== WHAT YOU SHOULD DO ==
Could you write out, exactly as they stand, only the lines in the listing below from the line with "高清石膏水泥混凝土肌理墙面地面贴图" to the line with "ZERO PLAIN メカニカル・オーシャン・キュート", both ends included, without the pictures?

== RECORDED DATA ==
-- -- --

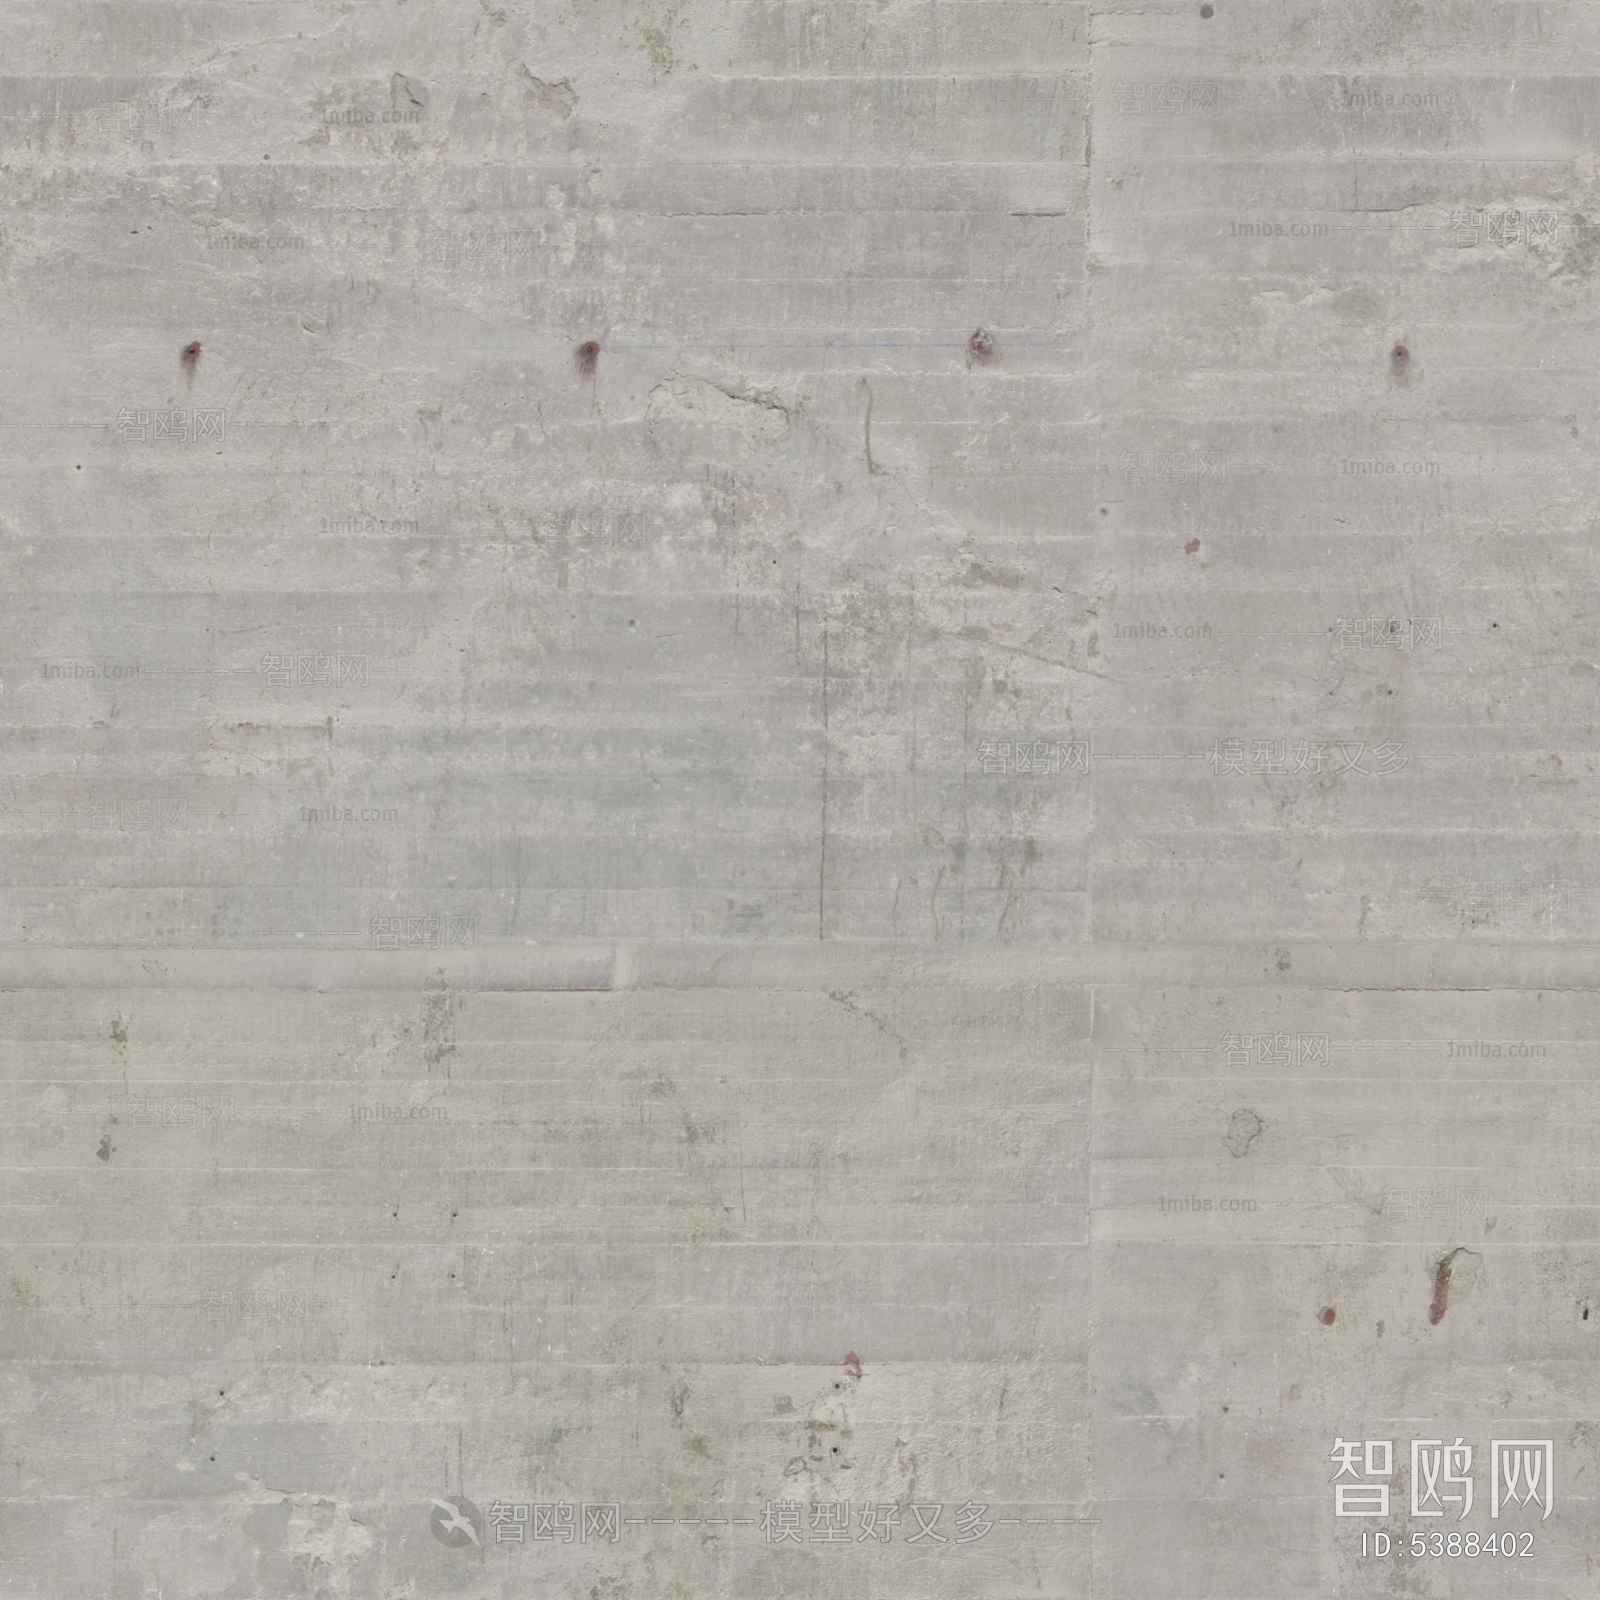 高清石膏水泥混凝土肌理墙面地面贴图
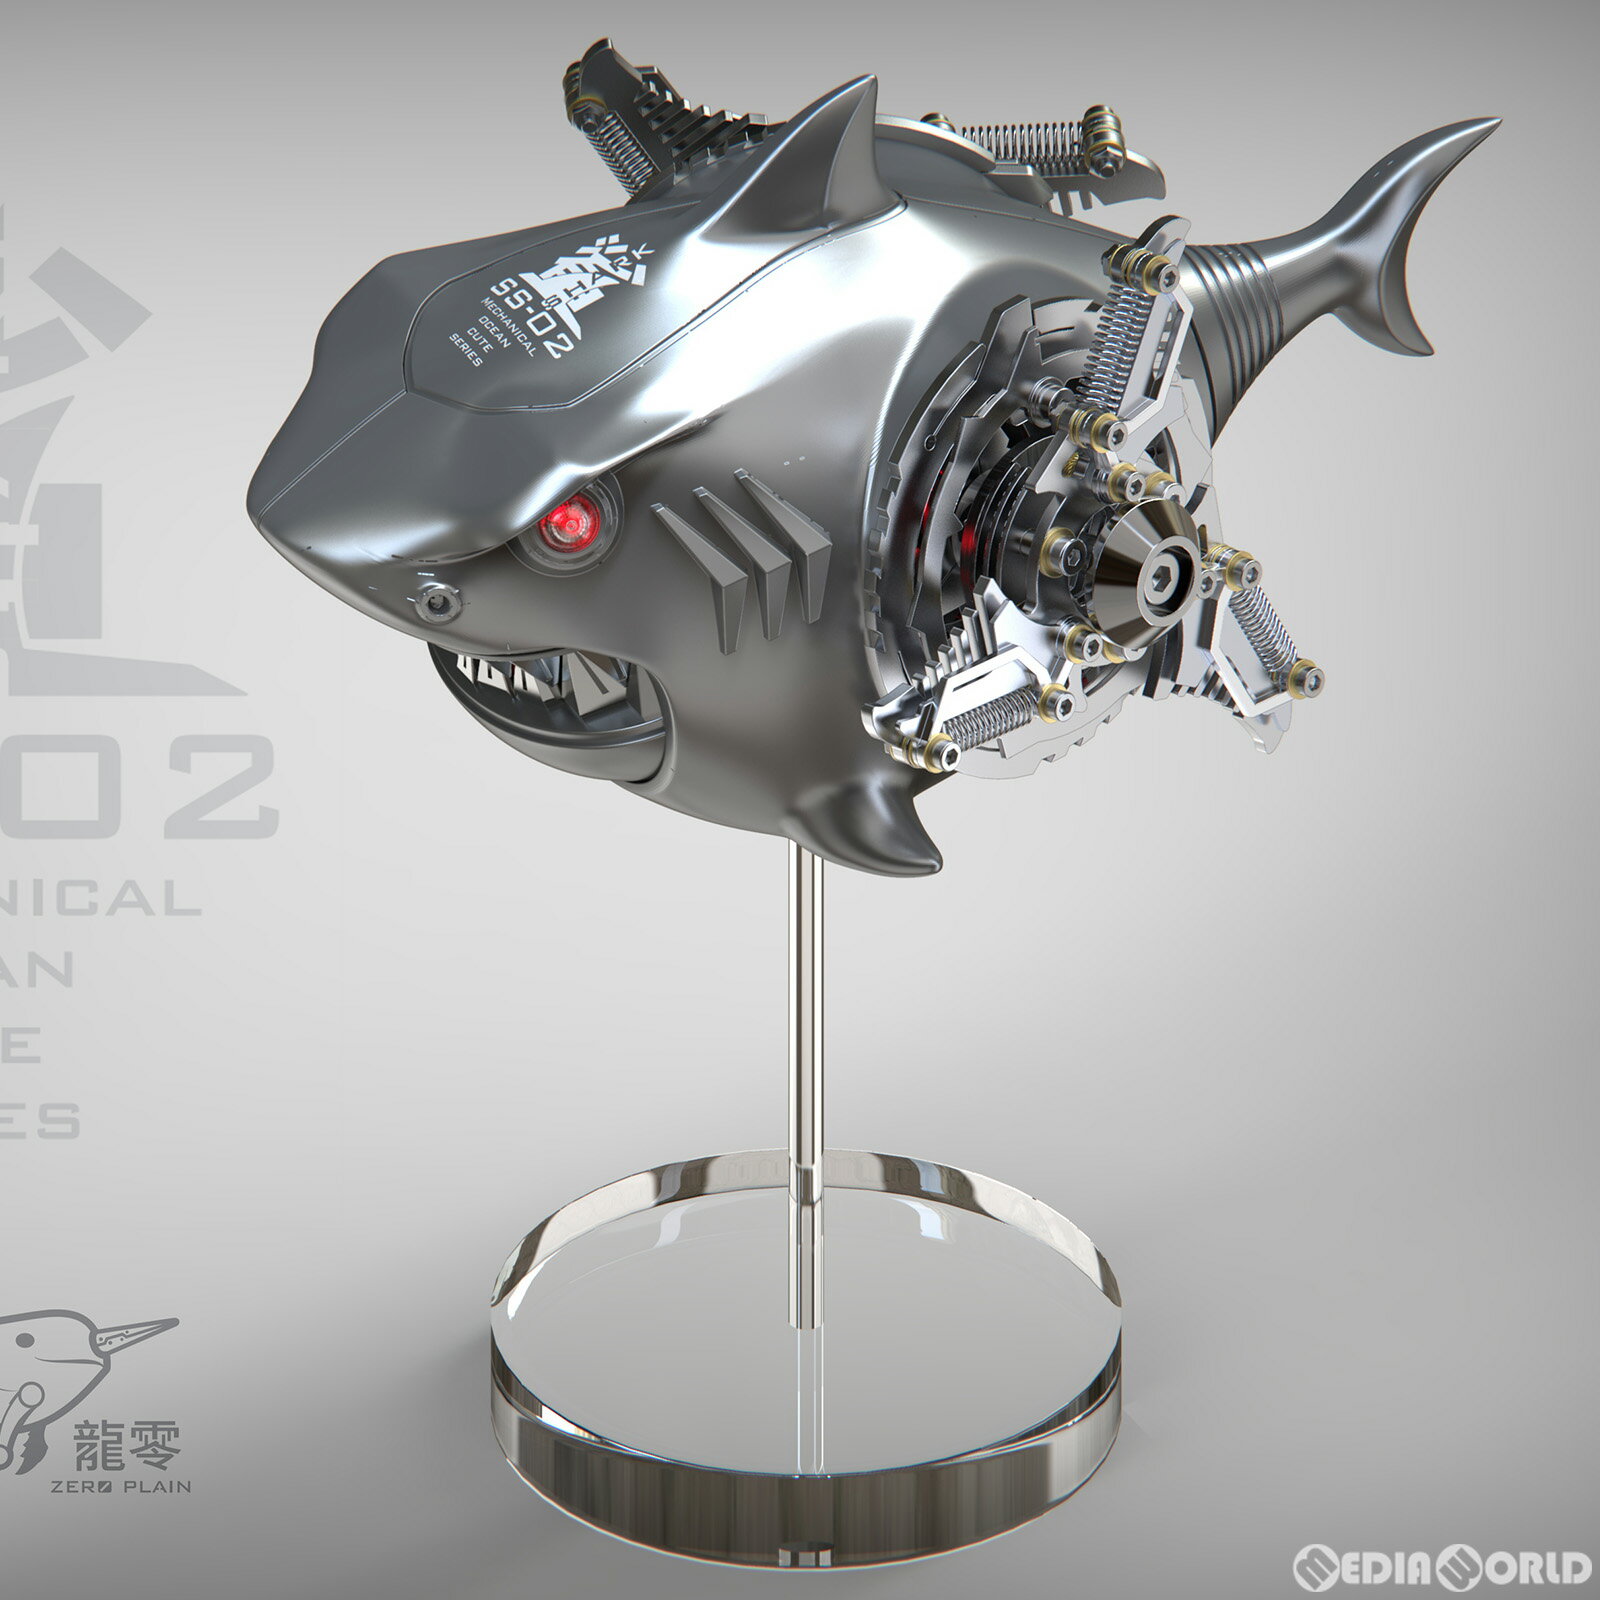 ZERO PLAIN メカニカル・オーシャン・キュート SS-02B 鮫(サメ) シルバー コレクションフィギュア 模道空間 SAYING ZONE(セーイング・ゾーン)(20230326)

-- -- --

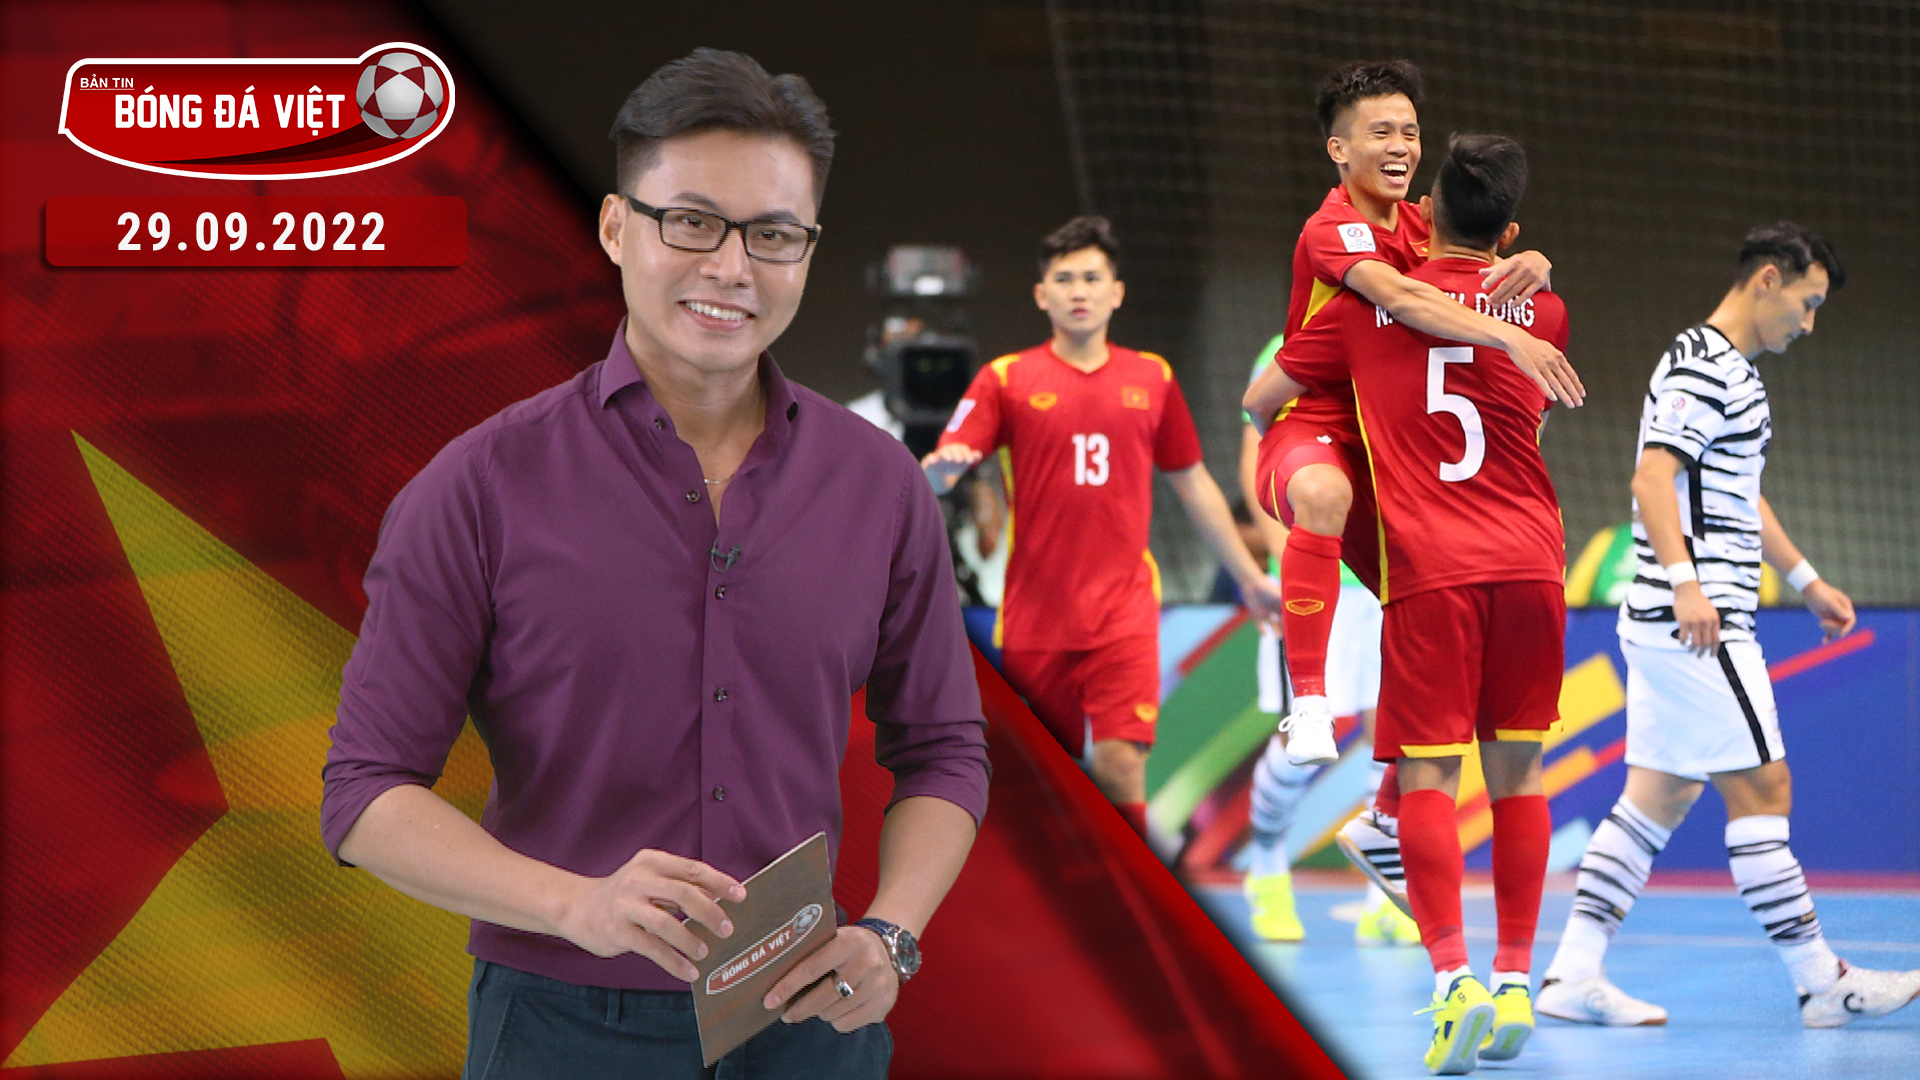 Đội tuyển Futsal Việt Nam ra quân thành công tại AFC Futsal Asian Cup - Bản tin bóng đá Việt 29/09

-- -- --

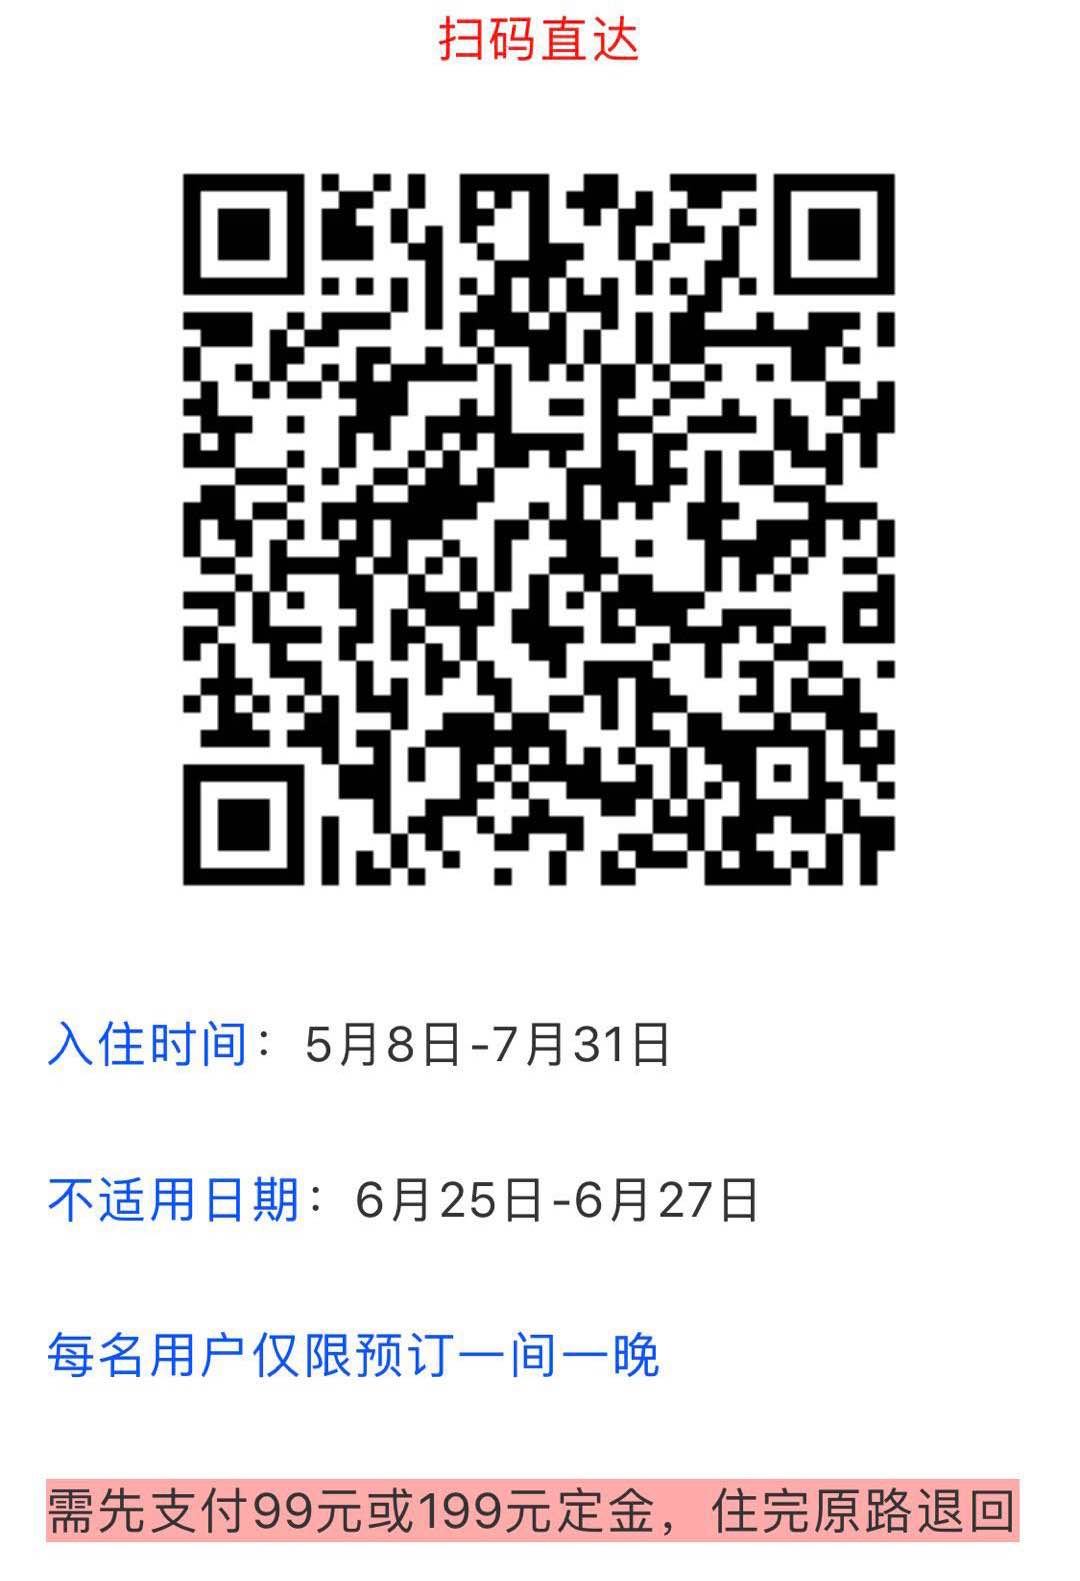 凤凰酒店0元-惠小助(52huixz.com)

-- -- --

== ANSWER TO THE EXERCISE ==
 高清石膏水泥混凝土肌理墙面地面贴图
 ZERO PLAIN メカニカル・オーシャン・キュート SS-02B 鮫(サメ) シルバー コレクションフィギュア 模道空間 SAYING ZONE(セーイング・ゾーン)(20230326)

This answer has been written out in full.